I saw why Ella attracted the mysterious and miraculous. She followed her instincts. She was positive and effu­sive and made connections easily—with the physicist and with people we met at random in Brooklyn. She struck up a conversation with the man sitting at the table next to ours, a man who’d lived in the neighborhood for years and let us in on its fascinating history. Outside, she connected with a young woman walking a Pomeranian. She even managed to charm a self-proclaimed “miracles cynic,” who’d overheard us talking.

I was a social guy, but I didn’t go out of my way to talk to strangers unless I was in a particularly peppy mood. Did that alone doom me to disappointment?

Ella left for Tennessee the next day. Over the next few weeks, I mulled over everything I’d seen and learned. I understood now why she attracted such good fortune. Still, I felt impossibly far from being able to see and do things her way. I called Ella, frustrated. “It seemed like things were pointing me somewhere—but they weren’t,” I said. Not only with my love life, but with everything.

Ella reminded me that perhaps the meaning of things hadn’t yet been revealed. She mentioned the ice cream sign she’d written about in The Greeneville Sun. The column that had popped up in my in-box all those months ago. “I still don’t understand what that was all about,” she said.

I laughed. “Well, maybe it hap­pened so you could write about it and I would find your column,” I said. Ella gasped.

“Maybe that is why,” she said. I wasn’t being serious, but Ella was. “You’re a miracle conduit, Dan. If it weren’t for you, I wouldn’t have visit­ed New York City. I wouldn’t have eaten at that adorable Brooklyn res­taurant or stayed at that Airbnb.
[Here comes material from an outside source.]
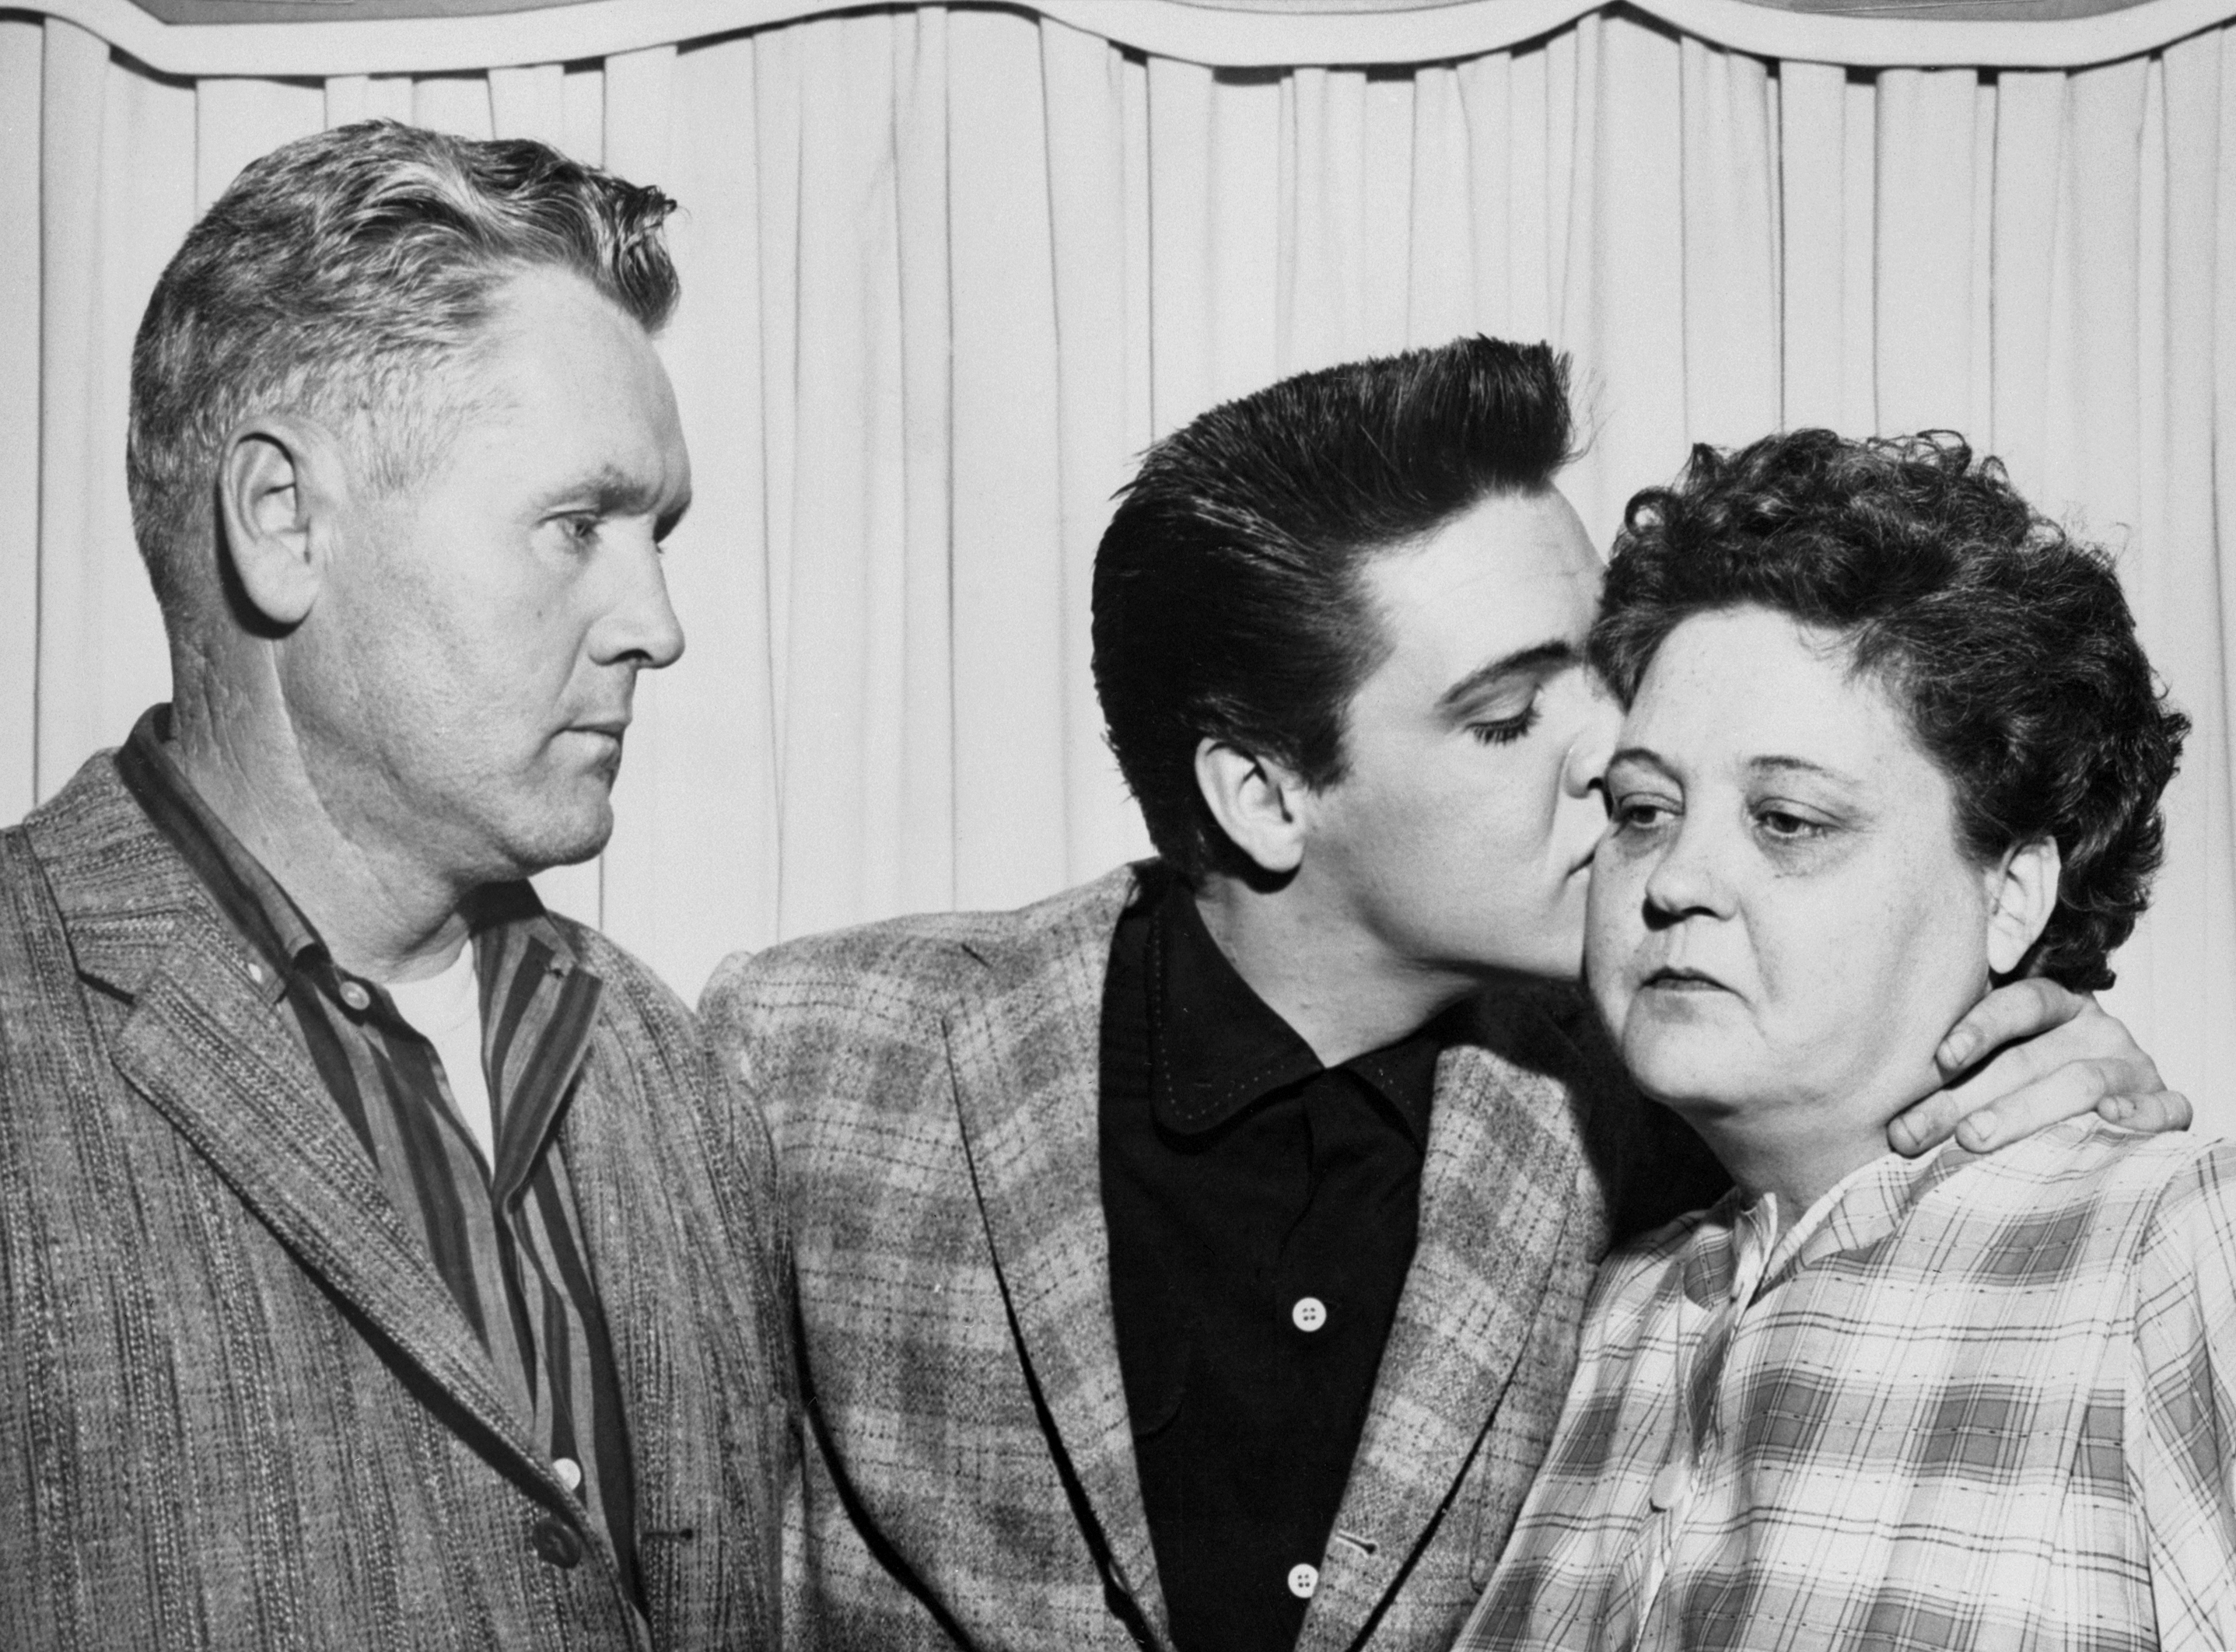 Vernon, Elvis, and Gladys Presley near a curtain

I wouldn’t have met my physicist friend! Did I tell you he’s agreed to give a presentation to the kids where I work? Who knows—he might inspire a future Nobel Prize winner. All thanks to you!”

A miracle conduit? I liked the sound of that. And maybe all the would-be miracles I’d experienced lately would reveal their meaning in due time. If I’d been the person who’d led Ella to so many new connections, then it did seem as if there were something larger at work, something I simply didn’t yet understand.

The recent events in my life began to take on new meaning—or, rather, less meaning, because they no longer seemed to signal that I was forever doomed to missed connections. In trying to understand them, I’d re­duced them to merely unmet expec­tations. But in reality, they were simply inexplicable. The fact was, I had no idea what they all meant—and that was a mystery worth em­bracing. Because who knew what could come next? Even to someone like me.